==== Dataset content ====
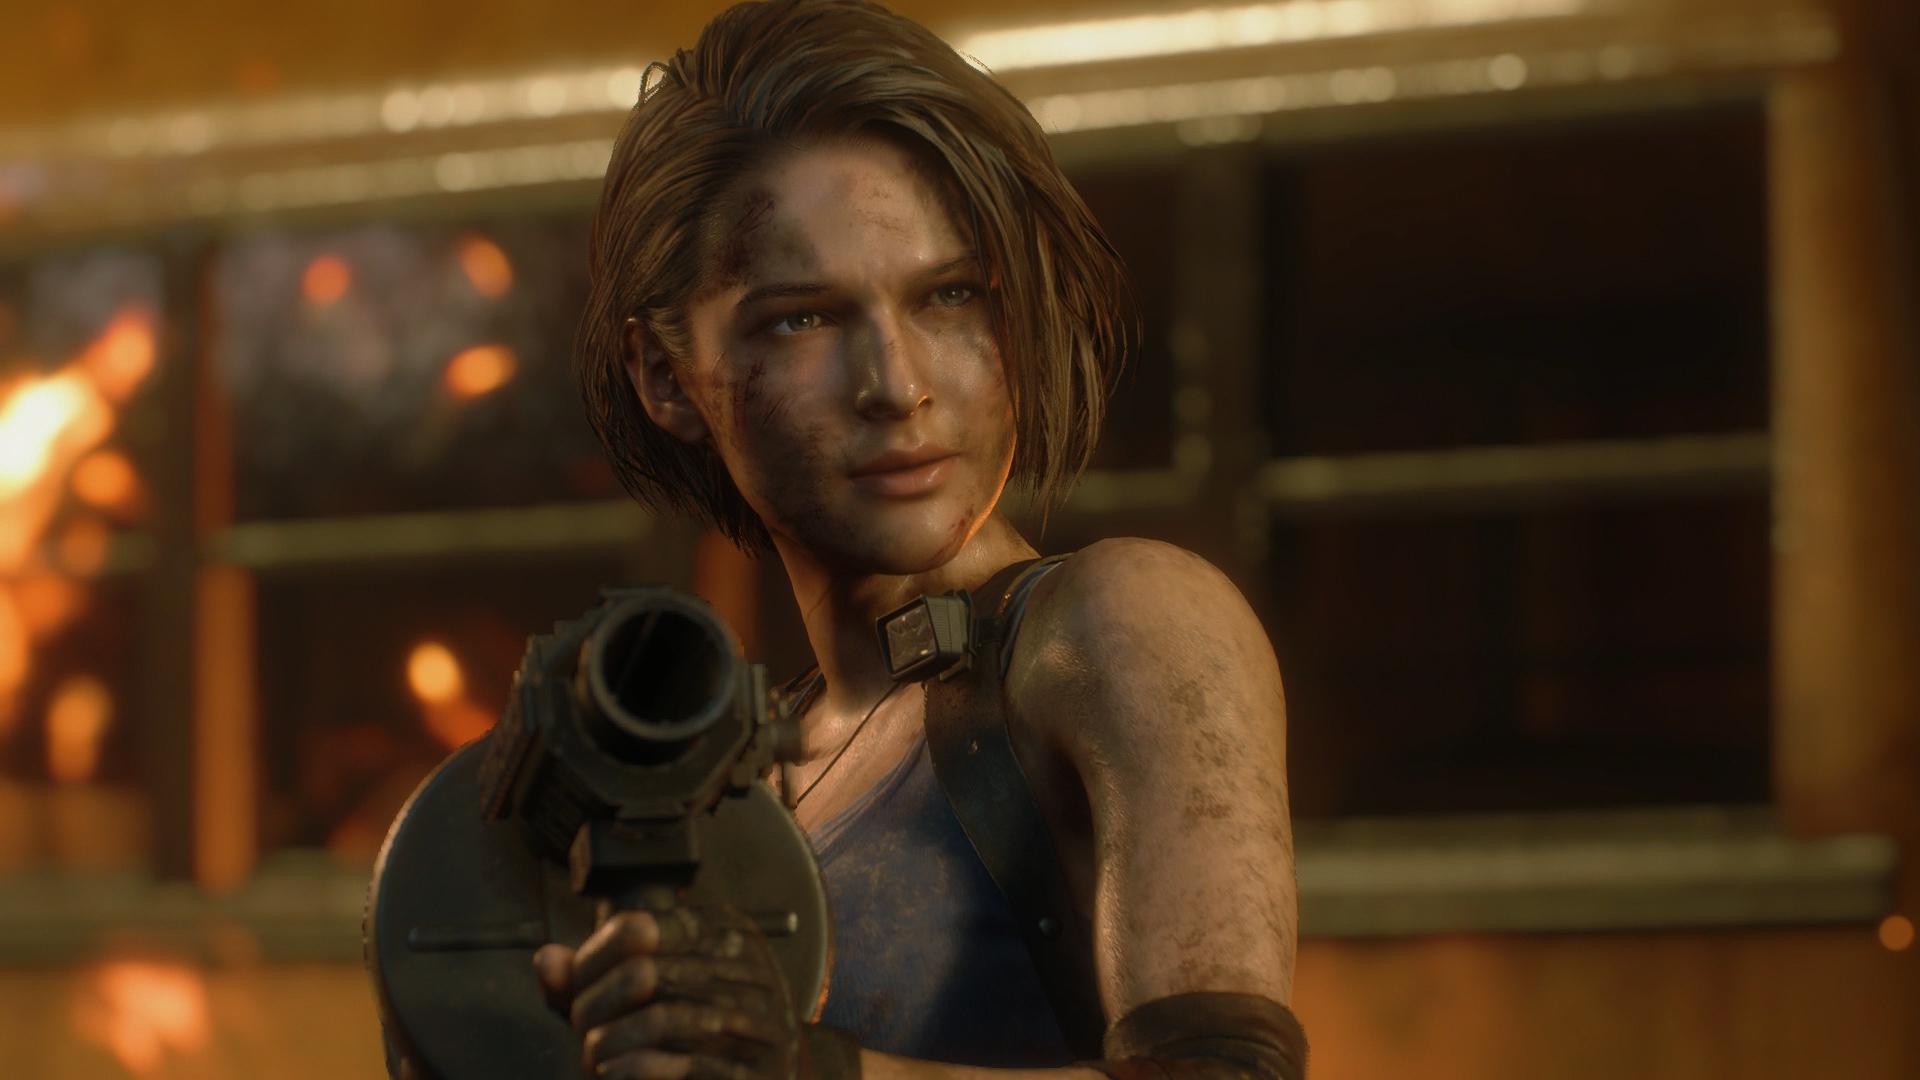 Grenade Launcher Location Resident Evil 3 Shacknews
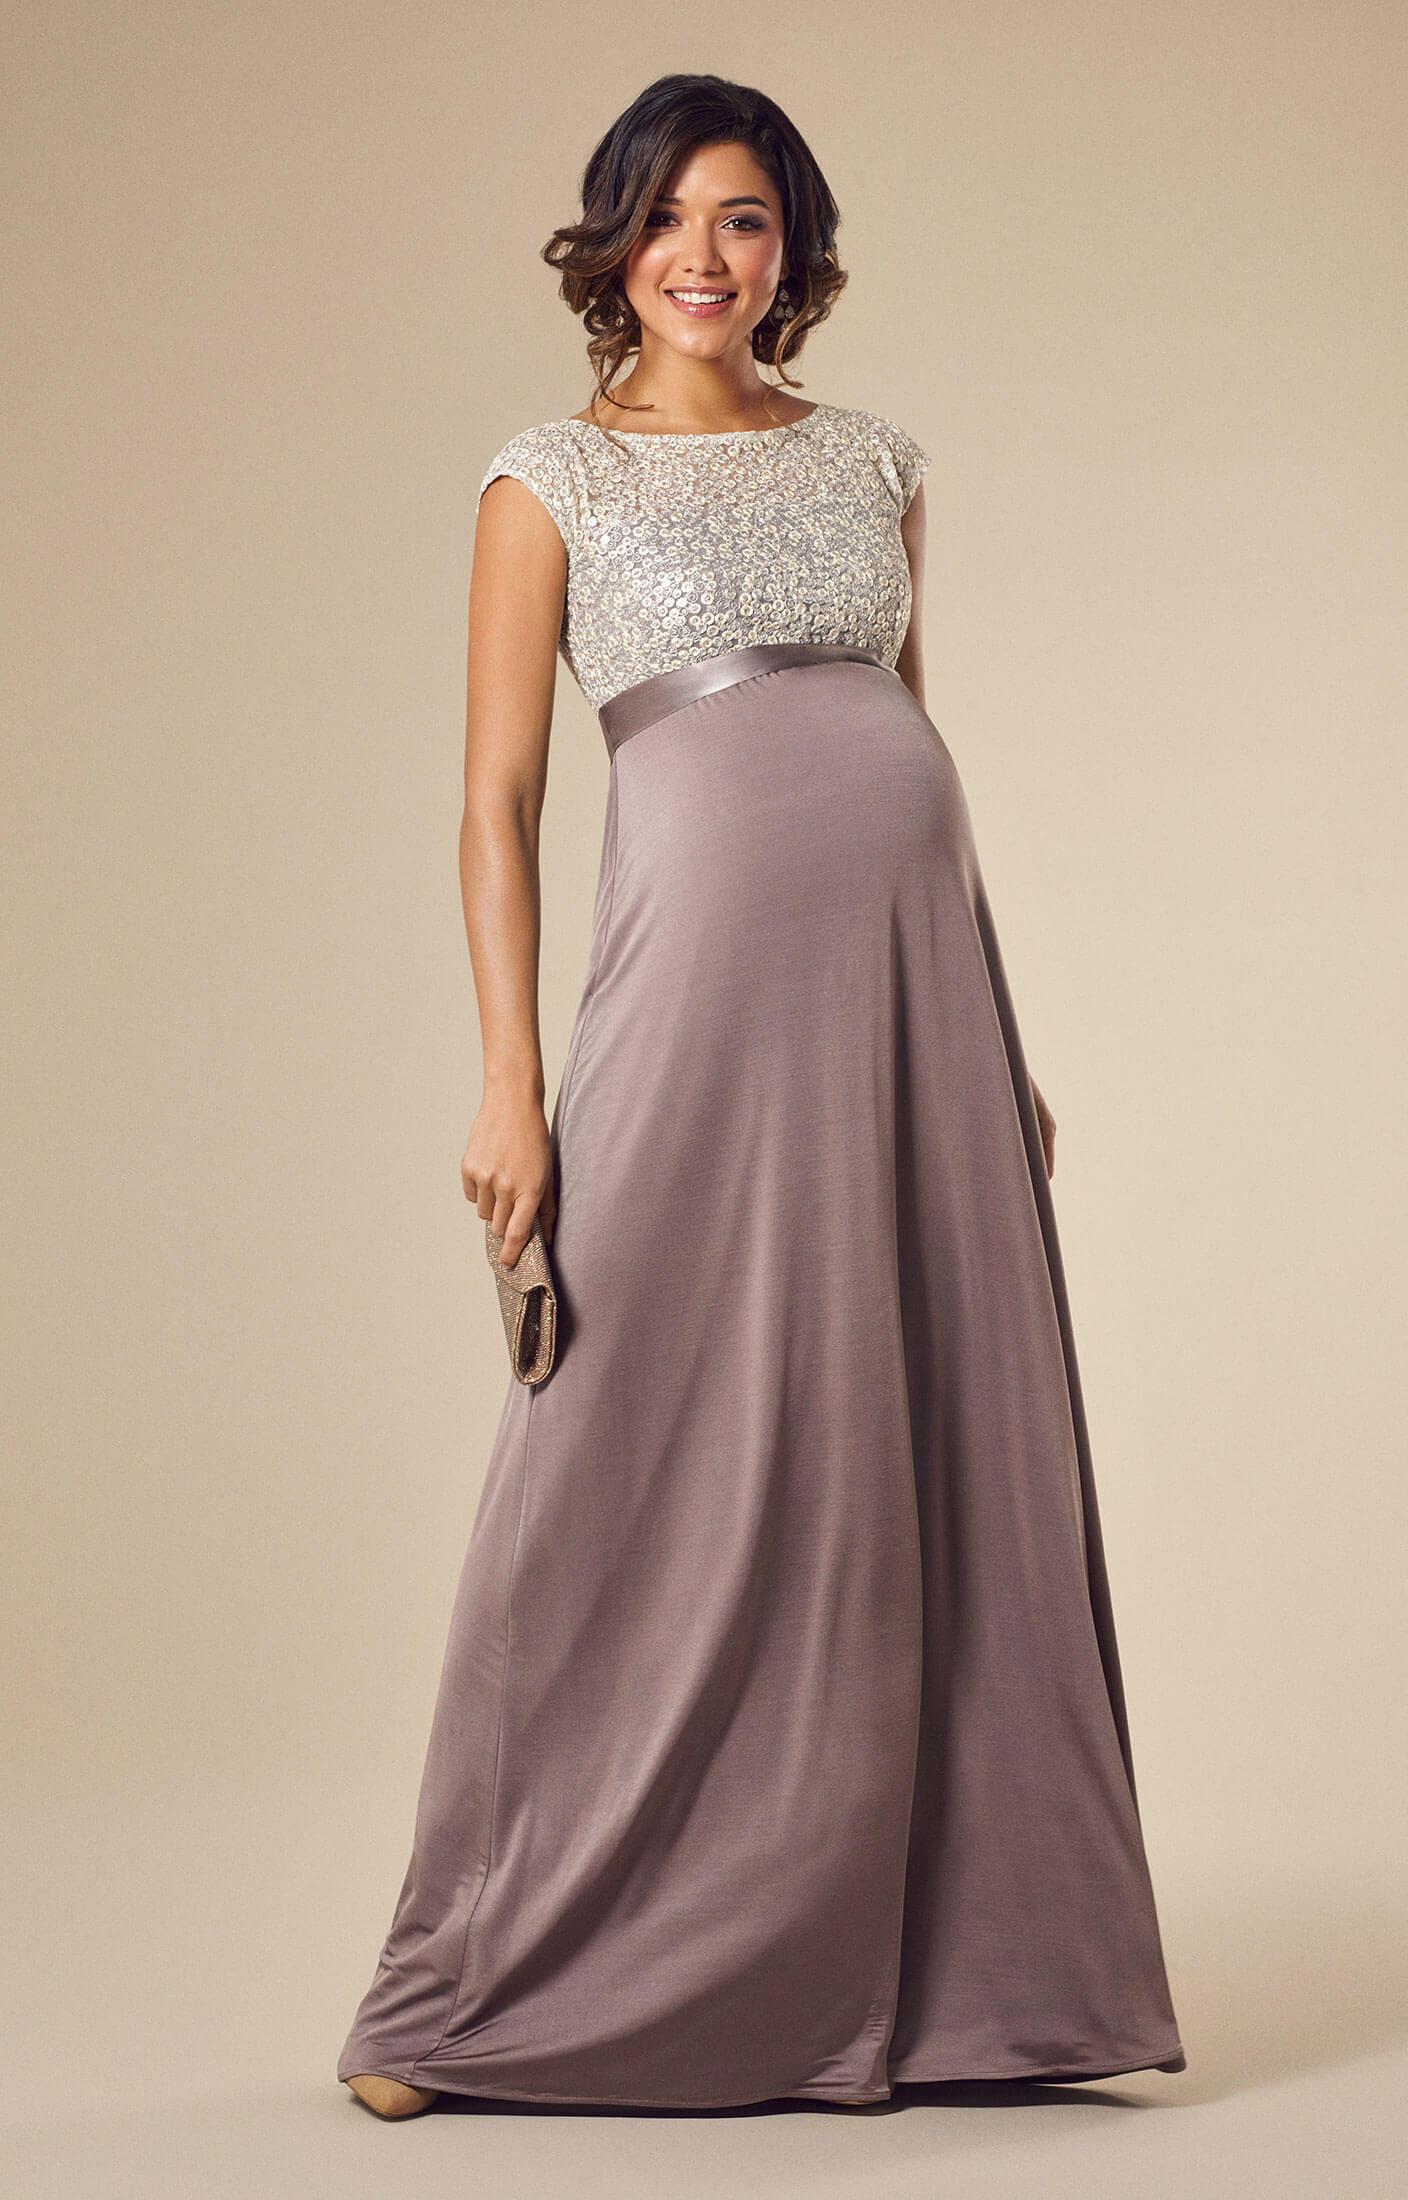 Mia Maternity Gown Dusky Truffle Maternity Wedding
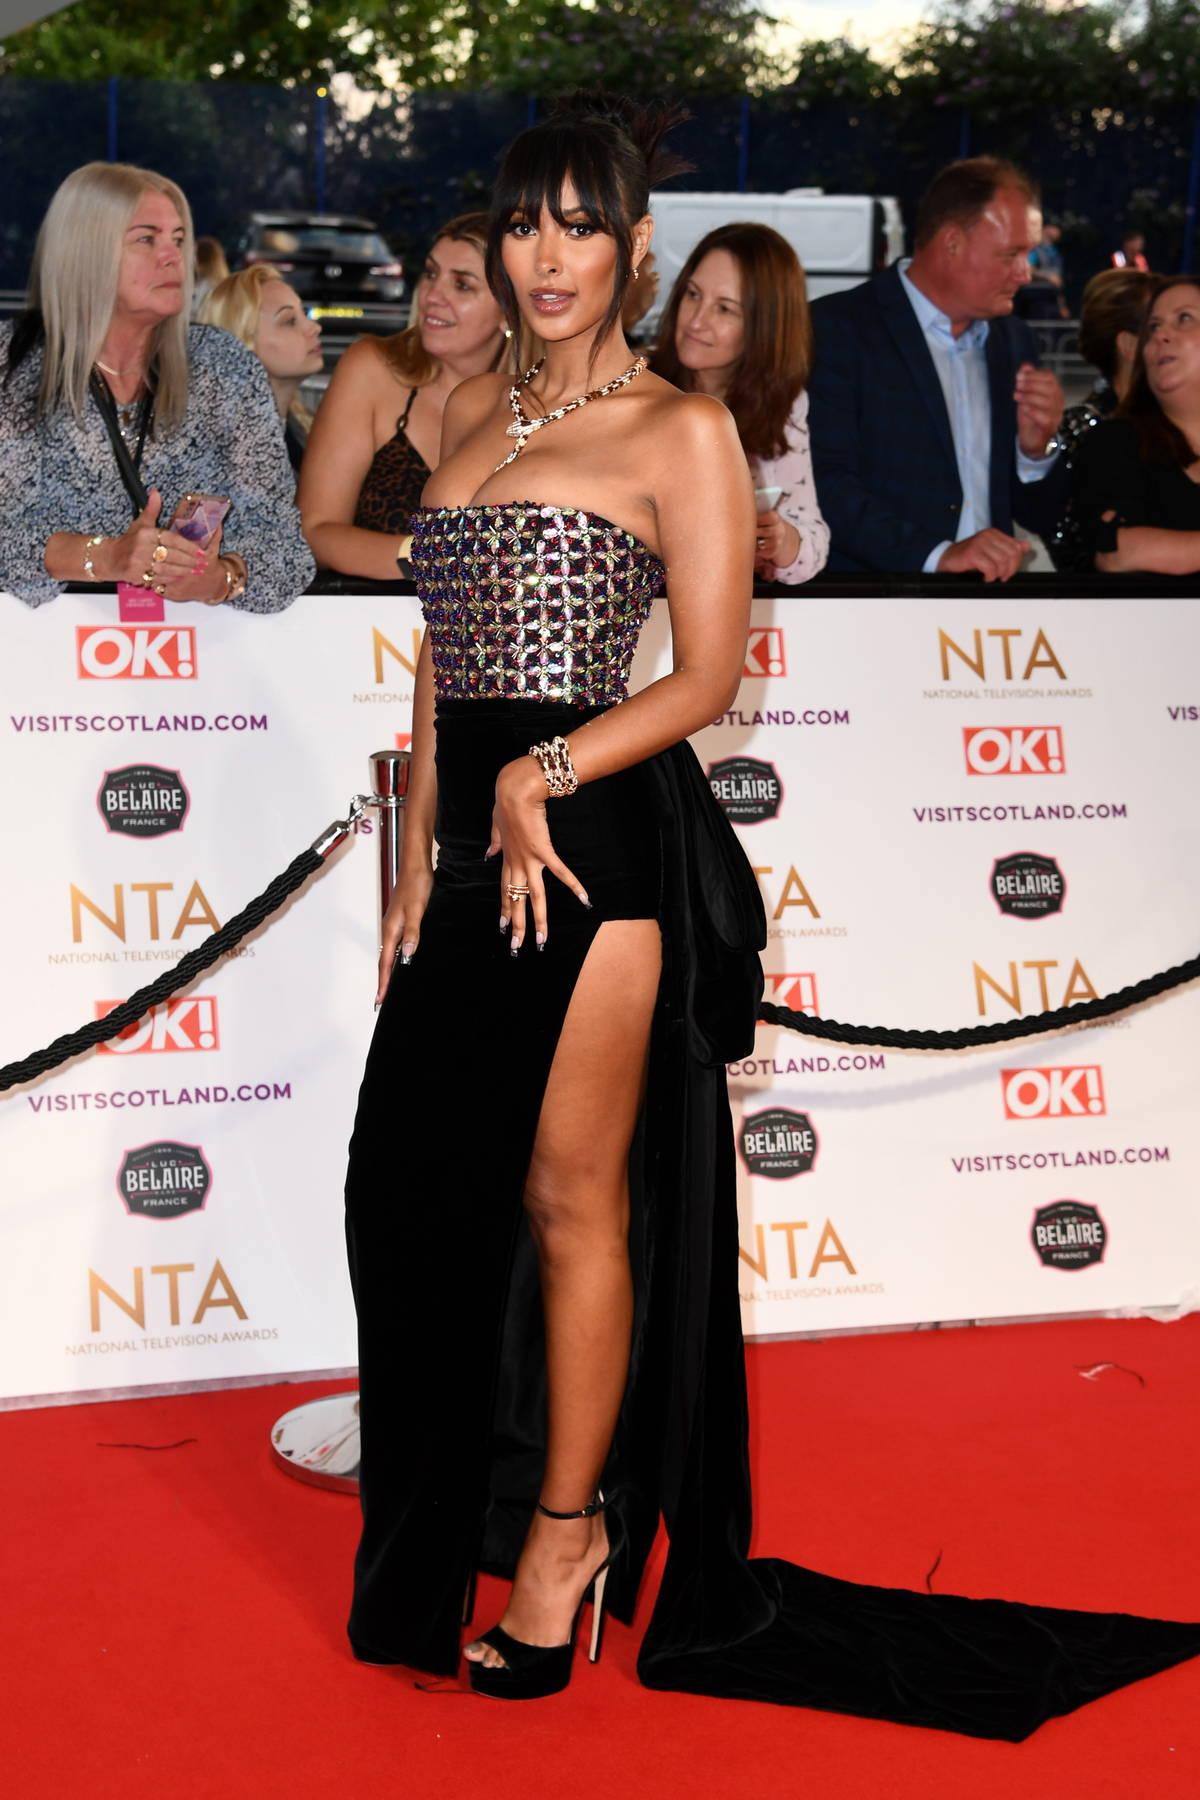 Maya Jama attends the 2021 National Television Awards at The O2 Arena in London, UK
====
» **What the task requires**: An exact copy of the listing above, minus its pictures, is what is needed here.

» **Result for this task**:
 Grenade Launcher Location Resident Evil 3 Shacknews
 Mia Maternity Gown Dusky Truffle Maternity Wedding
 Maya Jama attends the 2021 National Television Awards at The O2 Arena in London, UK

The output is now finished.